* **Task to complete**:
Your output should be the lines from the one containing "smallkind sensory toys" through the end of the listing, exact and inclusive, with no pictures.

* **Supplied data**:
"""

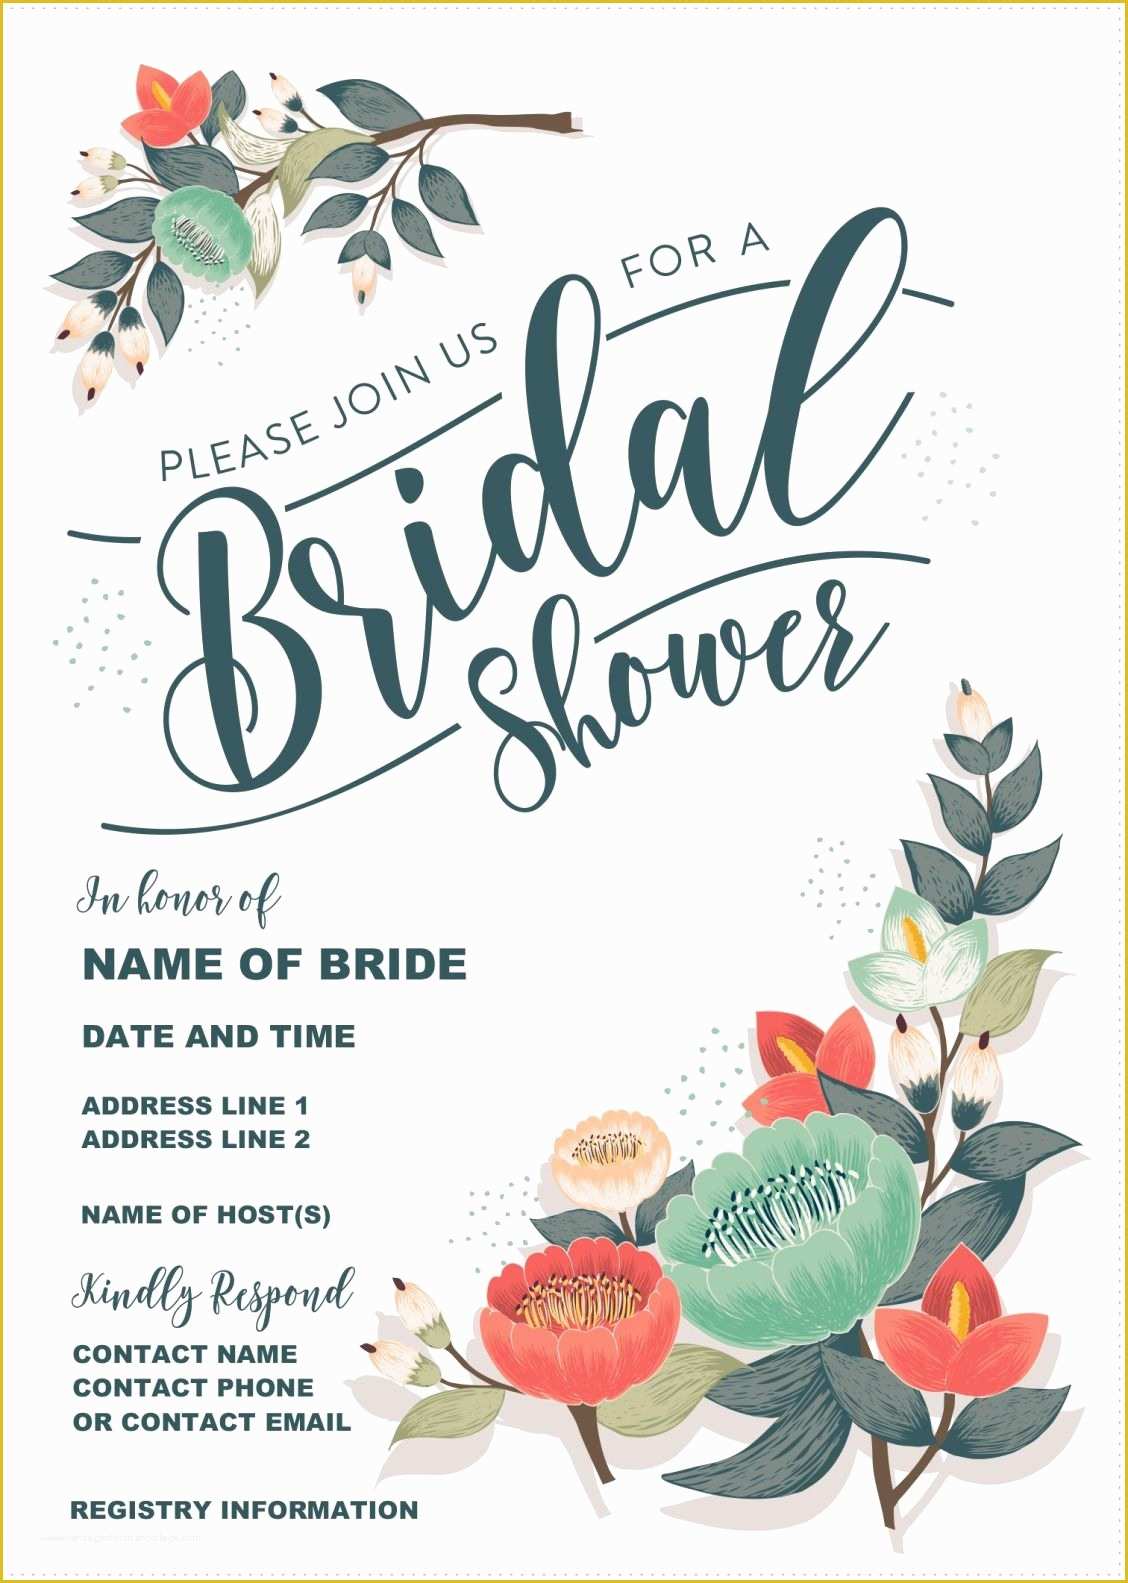 Free Wedding Shower Invitation Templates Of Our Gorgeous Printable Bridal Shower Invitation is totally
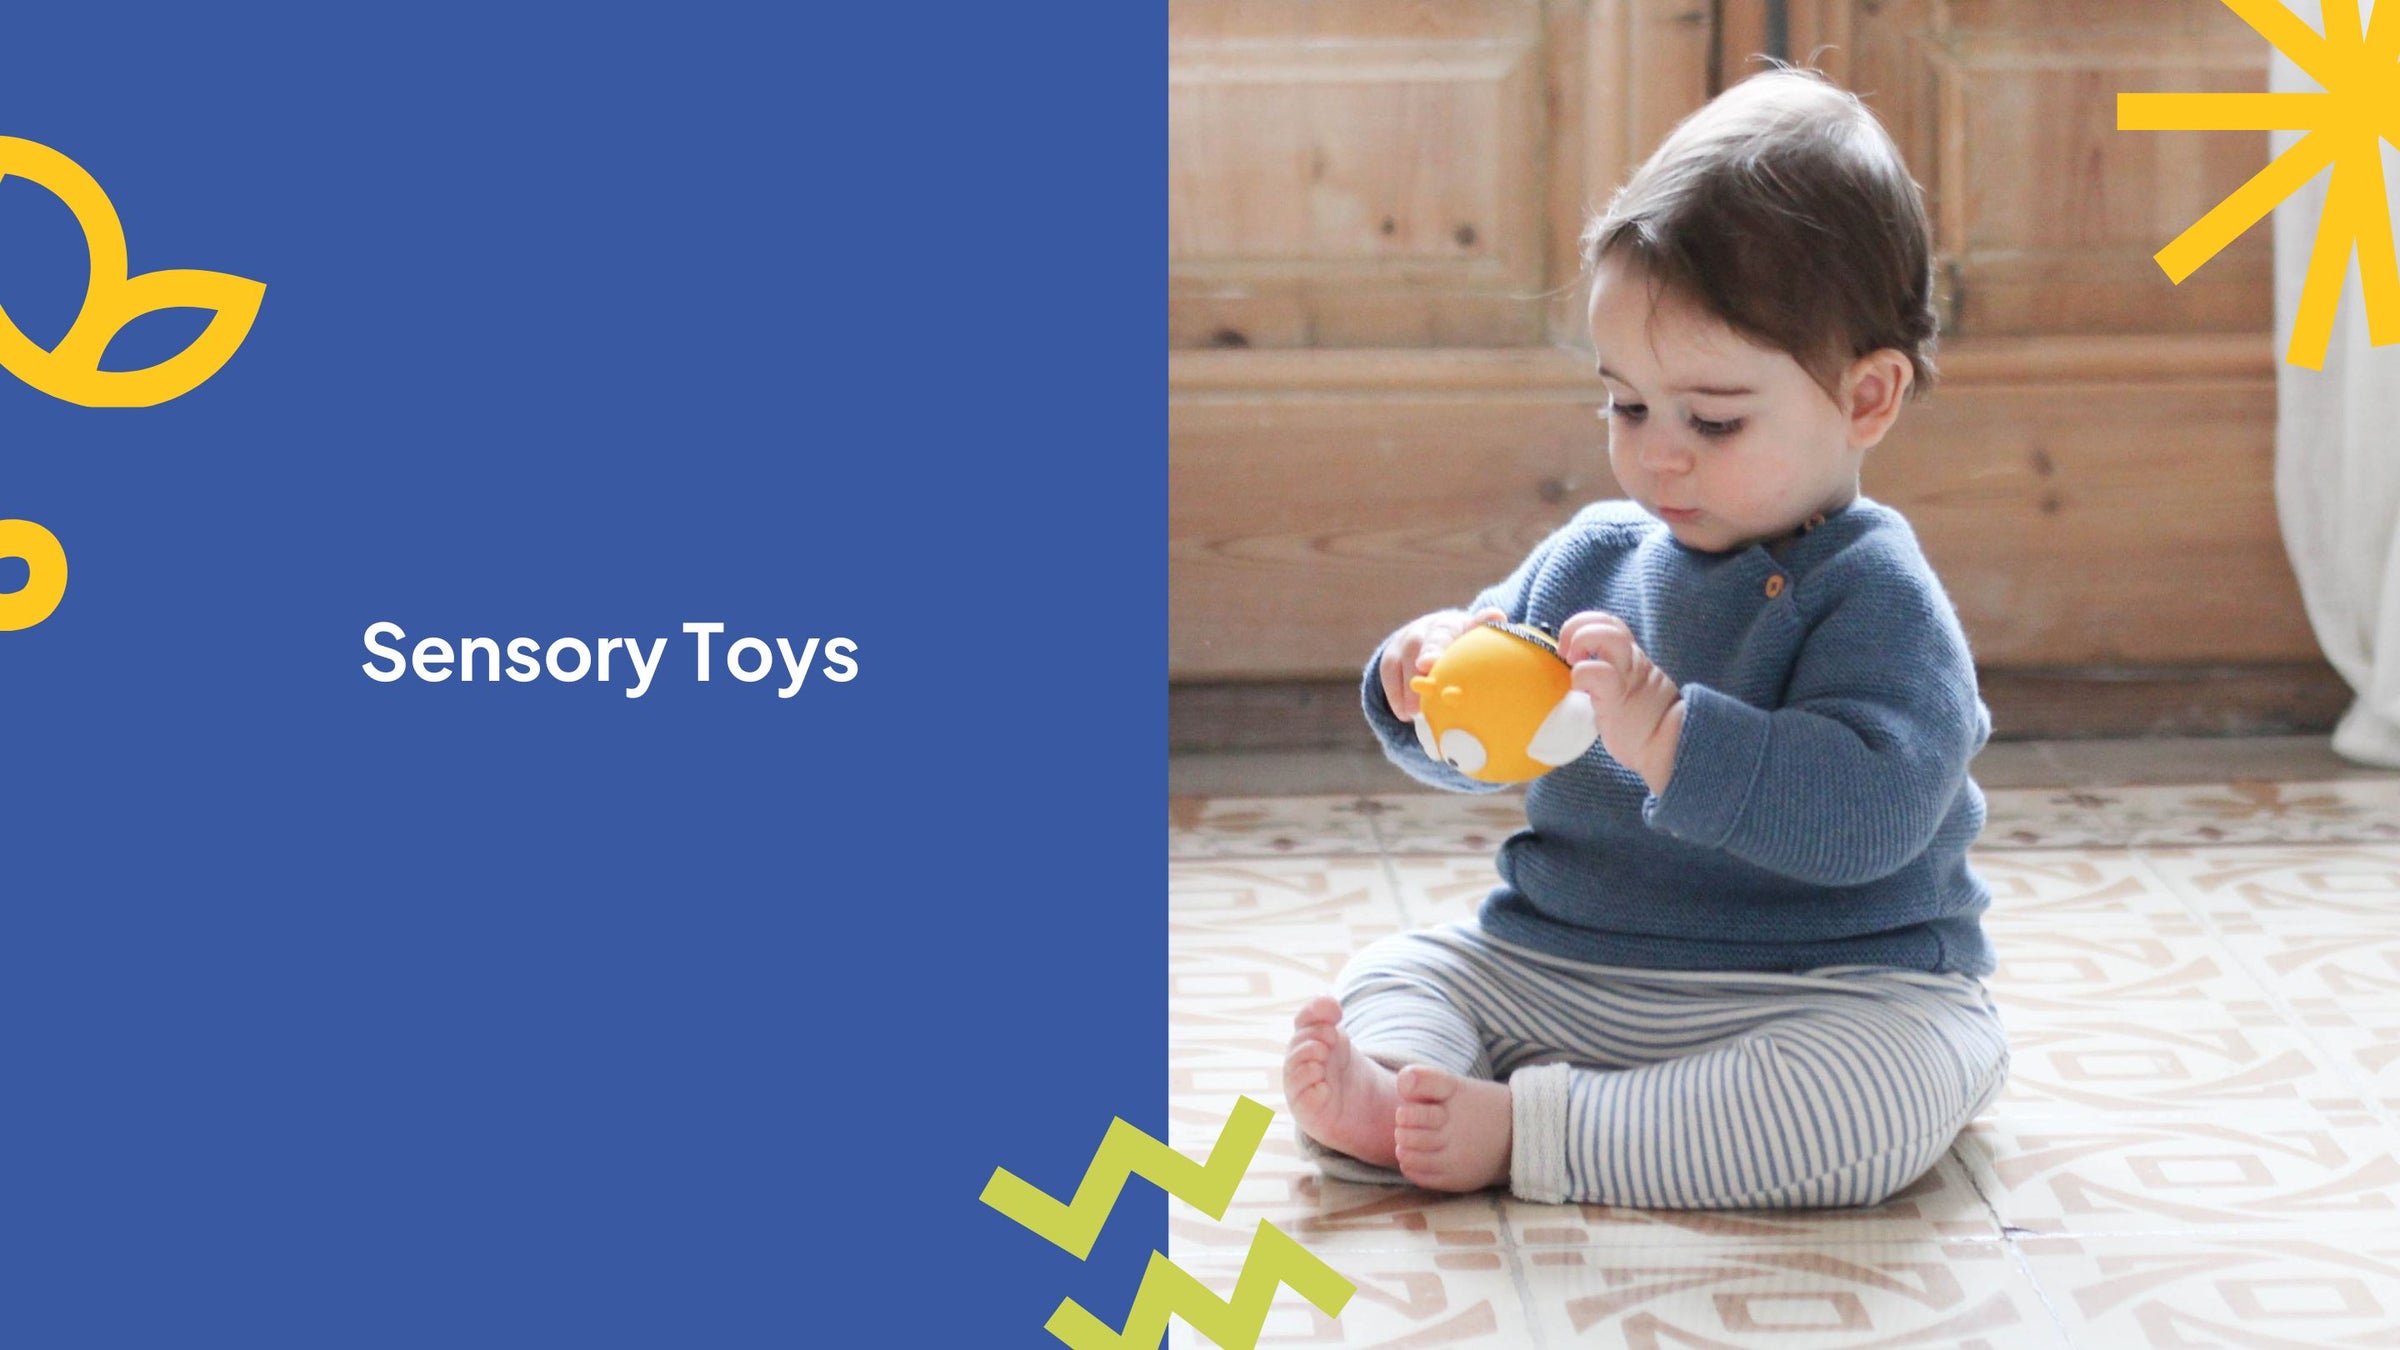 smallkind sensory toys collection - baby sitting up playing with a yellow rubber bee toy
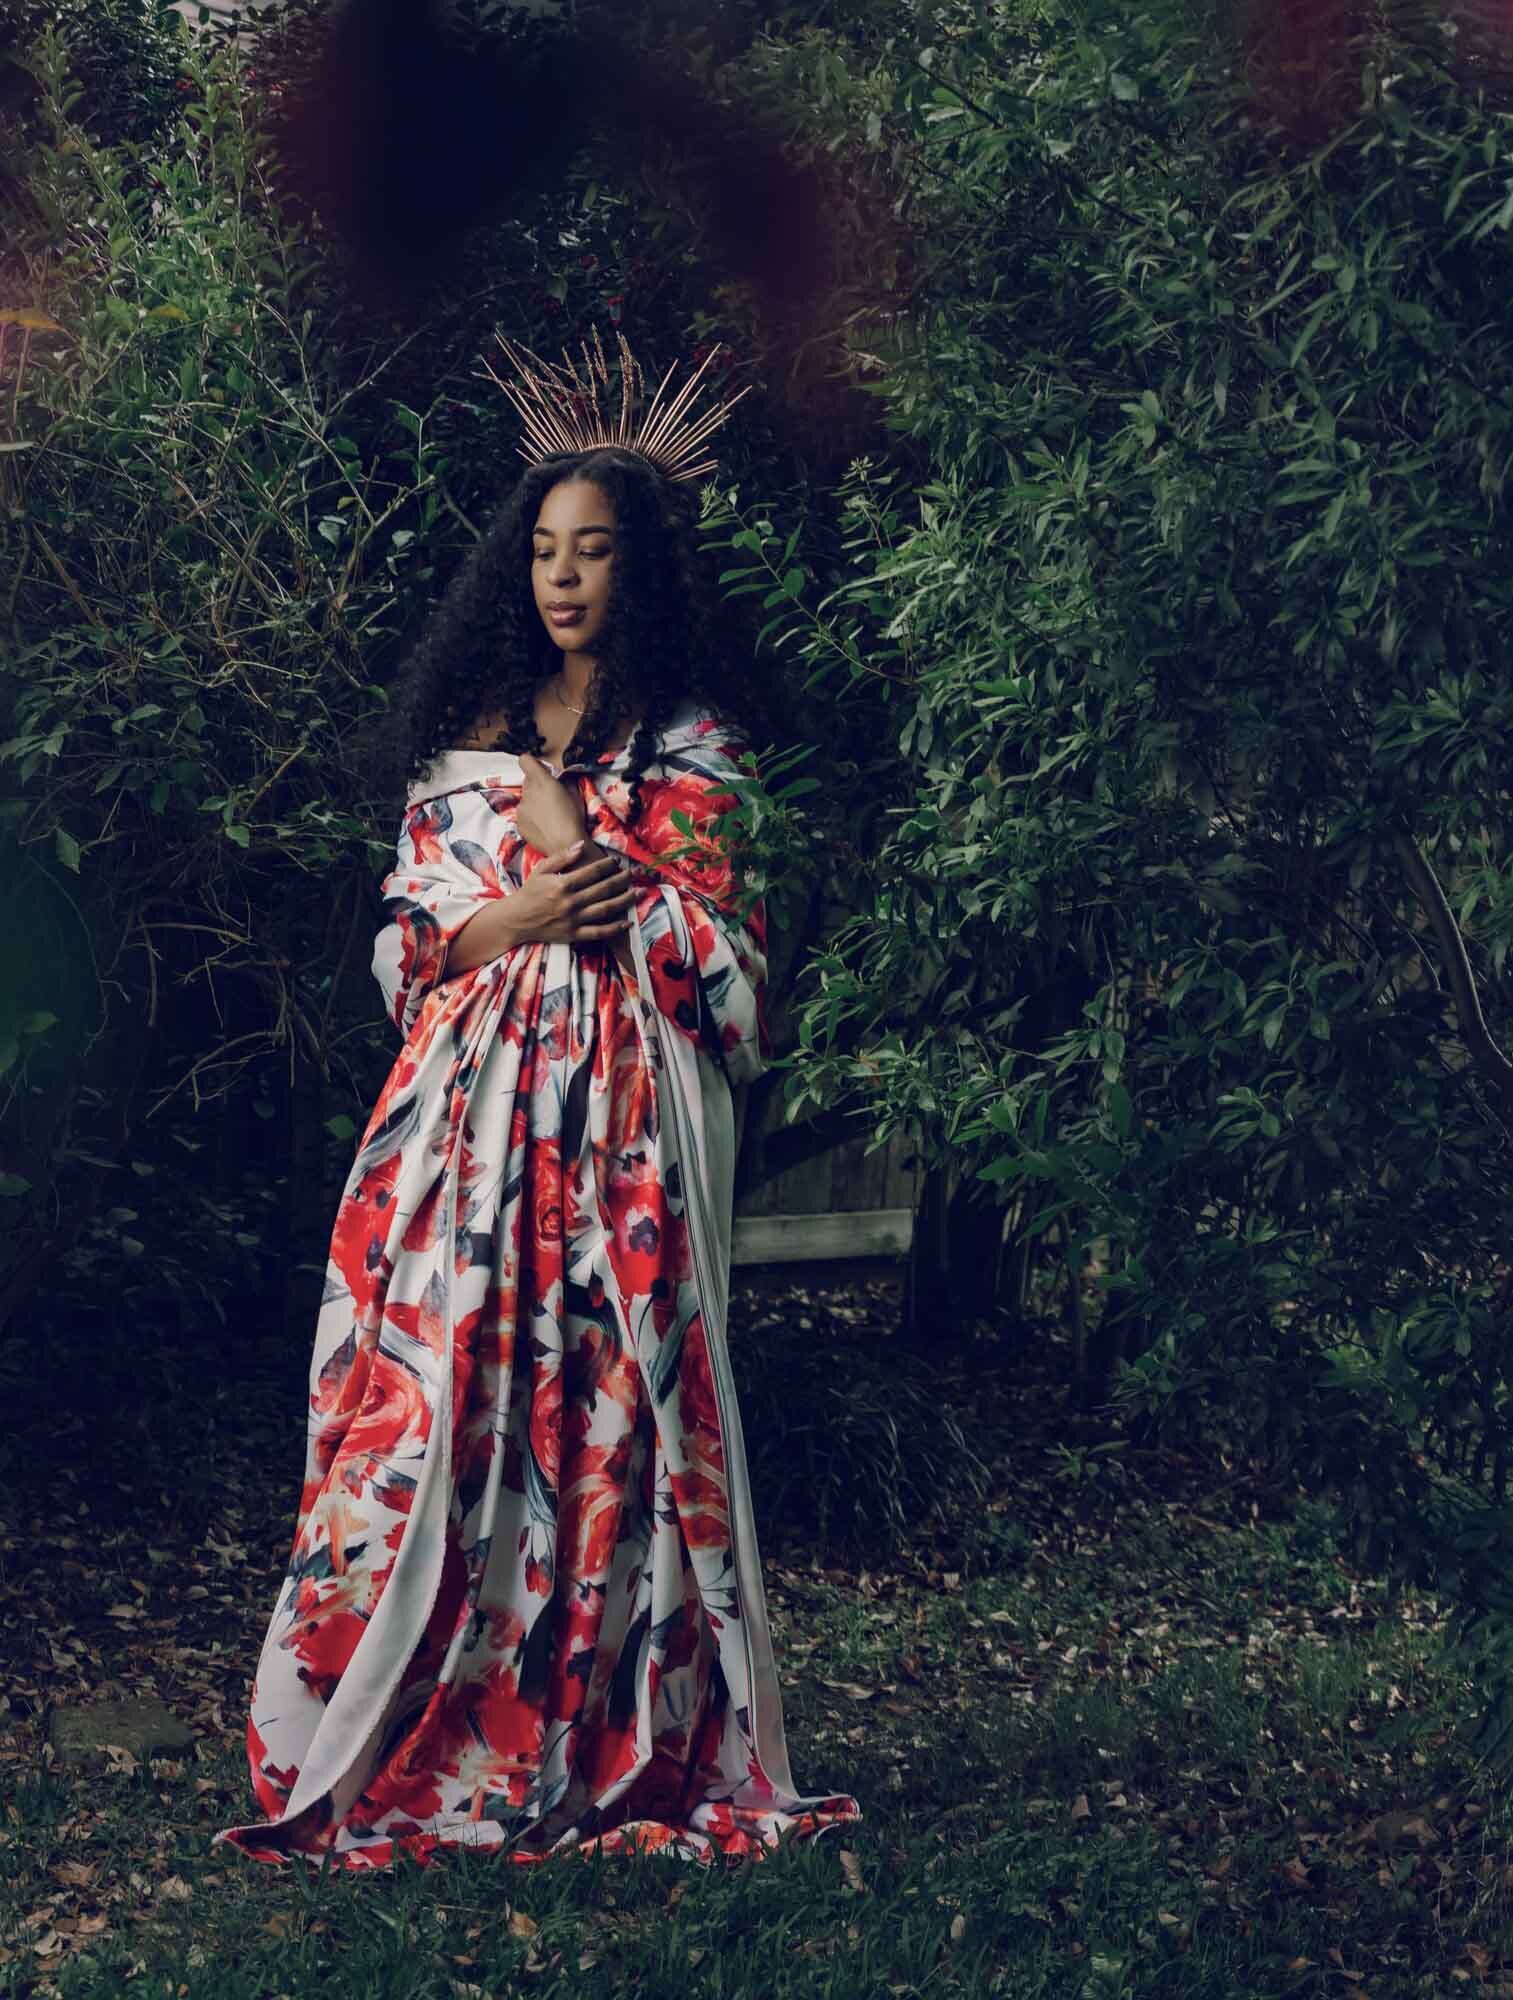 Darkly lit portrait of a woman in a floral dress, standing in front of trees, looking camera left. Houston's premier portraits.

"""

* **Answer to this exercise**:
 smallkind sensory toys collection - baby sitting up playing with a yellow rubber bee toy
 Darkly lit portrait of a woman in a floral dress, standing in front of trees, looking camera left. Houston's premier portraits.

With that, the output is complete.